Me: [finally snapping a little under the pressure of the continual rudeness]. You're funny. I laugh at you, you know.
Mutter: I laugh at you. We ALL laugh at you.
Me: [still smiling] Really? Why would you do that?
Mean Girl: Because you're ugly.
Me: [still smiling, because I don't know what else to do] Well, I know that isn't true.

What was I supposed to do? Beat them? Yell at them? Send them into the hallway (can't, last time I did that they blocked the hall doors with desks). Dock their grades? Write them up? Probably one of the above would be the correct response. But I, stunned by their sheer fuckwittery, by their stupid rudeness and their bitchy, fragmented, hate-driven little minds, didn't do anything except keep talking.

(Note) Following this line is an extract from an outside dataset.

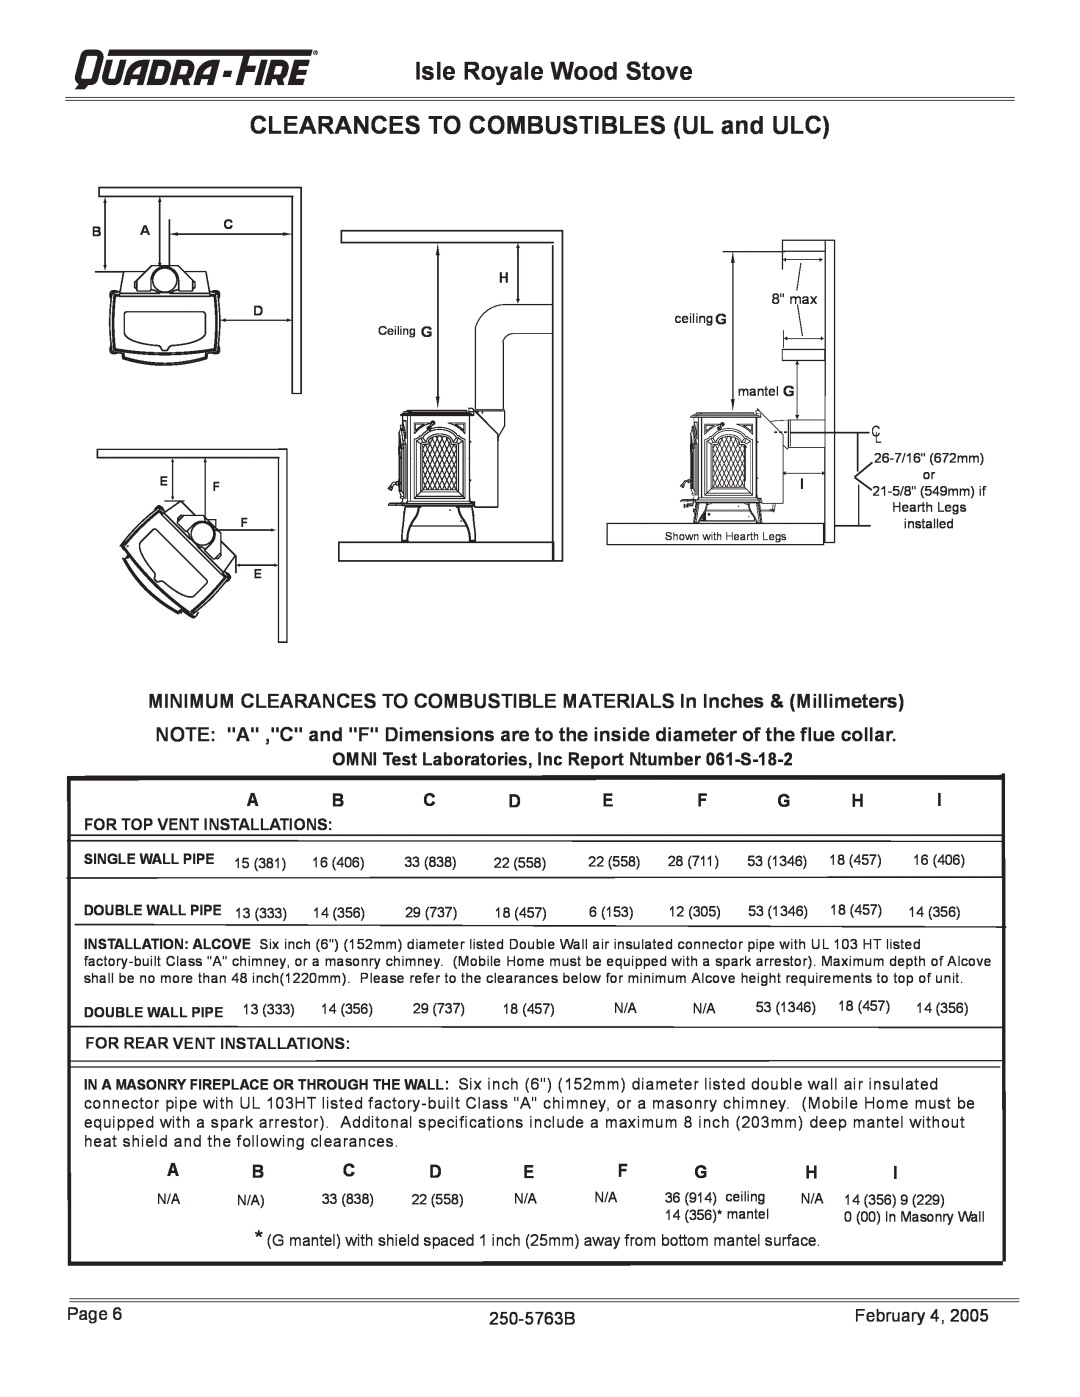 Quadra-Fire installation instructions CLEARANCES TO COMBUSTIBLES UL and ULC, Isle Royale Wood Stove

The talk didn't end so badly. Building on the elders' lament that so few students spoke the local language, I pitched my university to them as a college that is Native-friendly, complete with Native-language classes so they can learn their tribe's traditional tongue. A few listened. A few nodded when I asked if that had helped, bless them.

But as to the others:

I hate you. I'll still teach you and I'll still be fair to you and no, I won't write you up for stating your opinion on my looks. But I hate you. I want nothing to do with you. Does that surprise you, snowflakes? Oh, I forgot, I'm a teacher. Apparently, it's my job to suffer your abuse and still love you in spite of it. No, screw you. I'm here for your classmates, the ones who actually have the courtesy to not be complete douchebags to my face.

I sort of wish I'd said all that...

And now, five minutes ago, I did it again. I let a student who walked out of my classroom get by with just a warning. Not right, and not at all consistent, because I wrote him up last time. What the hell is wrong with me?

I think I need to pray at the shrine of Saint Snape. Oh, Severus Snape, show me the path to the dark truth of total student control. Bless me with the power of your glare, Great One, and I will wear black all my days in your honor...
posted by Professor Noob at 1:09 PM

3 Comments:

You, my dear, are anything but ugly. :)

As for them laughing at you, well, students have laughed at teachers since the beginning of time... fuck them. You can smile at them in the future, when they take your order at the Burger King in the middle of their shitty little town, in the angst of their shitty little lives.

March 27, 2009 at 2:28 PM  

I should have clarified. I'm not upset at their comments. I'm upset that I didn't deliver an unholy smackdown.

March 27, 2009 at 2:34 PM  

You can't deliver an unholy smackdown. I think Snape is actually Rowling delivering the smackdown she wished she could have done when she taught and not been fired. But such is life, and life is filled with asshats.